Unterschiedliche Herangehensweisen im Titelkampf
Kein Wunder, ist die Herangehensweise des Audi-Trios vor dem Showdown auf dem 4,5 Kilometer langen Grand-Prix-Kurs unterschiedlich. Tabellenführer René Rast fühlt sich seiner Sache keineswegs sicher: „Ich habe natürlich die besten Chancen, weil ich 19 Punkte Vorsprung habe. Aber wie man zuletzt in Zolder gesehen hat, kann noch alles passieren. Zwei Ausfälle oder zwei schlechte Rennen für mich und zwei gute für Nico, dann wendet sich das Blatt wieder. Dennoch gehe ich die Sache eher entspannt an. Ich muss diesen dritten Titel nicht mit aller Gewalt einfahren. Wenn er kommt, dann freue ich mich irre. Aber es ist jetzt nicht so, dass ich sage: Den brauche ich unbedingt und ohne den geht’s nicht. Ich schaue einfach, was passiert.“
Nico Müller hat den Kampf um den Titel beileibe noch nicht aufgegeben: „Ich glaube nach wie vor fest daran und weiß, dass wir das Zeug dazu haben, DTM-Meister 2020 zu werden. Beim Finale gibt’s für mich nur eins: Volle Attacke! Wir starten das erste Mal in dieser Saison in der Verfolgerrolle in ein Wochenende. Sonst waren wir immer die Gejagten. Klar würde ich lieber mit einem Vorsprung zum Finale reisen. Aber ich glaube, es hat auch etwas Positives. Es gibt nur eine Richtung. Man kann voll angreifen und einfach alles geben, um das Ding nochmal umzudrehen. Das wird nicht einfach, aber wir haben noch eine sehr gute Chance. Und bei einem Finale kann alles passieren.“
Robin Frijns derweil sieht seine Chancen äußerst pragmatisch: „Für mich wird es natürlich ziemlich schwierig. Ich werde mein Bestes geben, werde aber sehr viel Glück brauchen. Ich habe nichts zu verlieren. Platz 3 in der Meisterschaft ist mir schon sicher. Also gehe ich „all-in“ und schaue, was passiert.“
Großer Kampfgeist im BMW-Lager
Die Konstellation an der Tabellenspitze bedeutet indessen auch: Die übrigen 12 DTM-Piloten haben beim Finale nichts mehr zu verlieren, aber noch jede Menge zu gewinnen.

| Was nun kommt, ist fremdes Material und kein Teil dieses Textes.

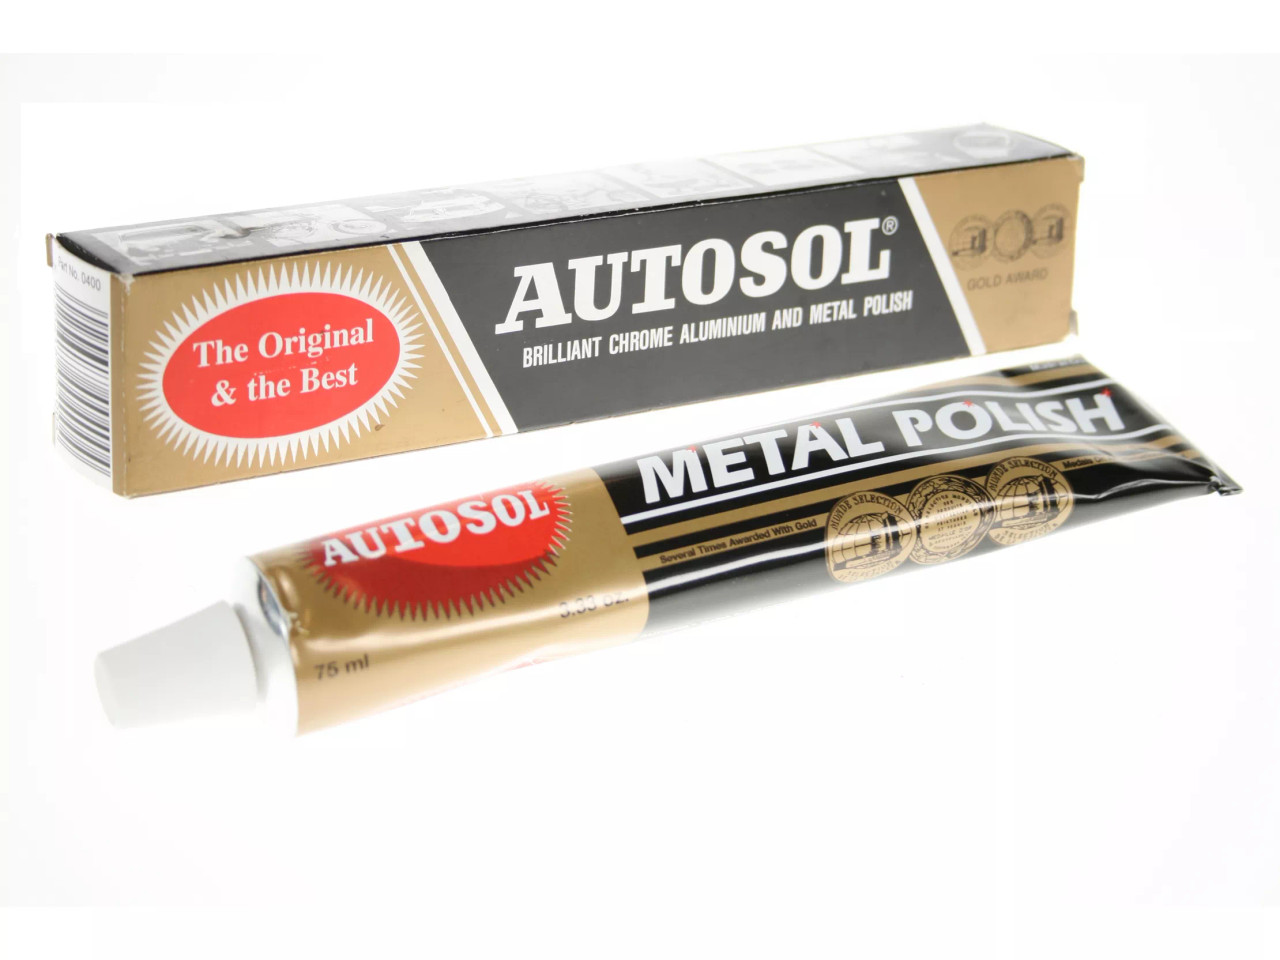 Autosol Multi-Purpose Metal Polish - 75ml [0400]

Sie werden alles daran setzen, um sich mit einem guten Ergebnis in die Winterpause zu verabschieden – und sich dadurch auch für die neue Saison zu empfehlen, wenn die Karten in der DTM dank eines auf GT-Fahrzeugen basierenden Technischen Reglements neu gemischt werden.
„Alles auf Angriff“ lautet daher die Devise nicht zuletzt für die BMW-Piloten, die erst zwei Saisonsiege durch Sheldon van der Linde und Lucas Auer auf dem Konto haben und diese Bilanz beim Finale unbedingt aufpolieren möchten. „Der bisherige Saisonverlauf entspricht in keinster Weise unserem Potenzial. Wir werden alles daransetzen, um in Hockenheim nochmal zu zeigen, was in uns und dem BMW M4 DTM steckt, und den Audi-Jungs einen heißen Tanz zu bieten. Die Rennstrecke ist ja geradezu prädestiniert für tolles Racing“, verspricht Routinier Timo Glock, der zwei seiner fünf DTM-Rennsiege auf dem Hockenheimring Baden-Württemberg gefeiert hat.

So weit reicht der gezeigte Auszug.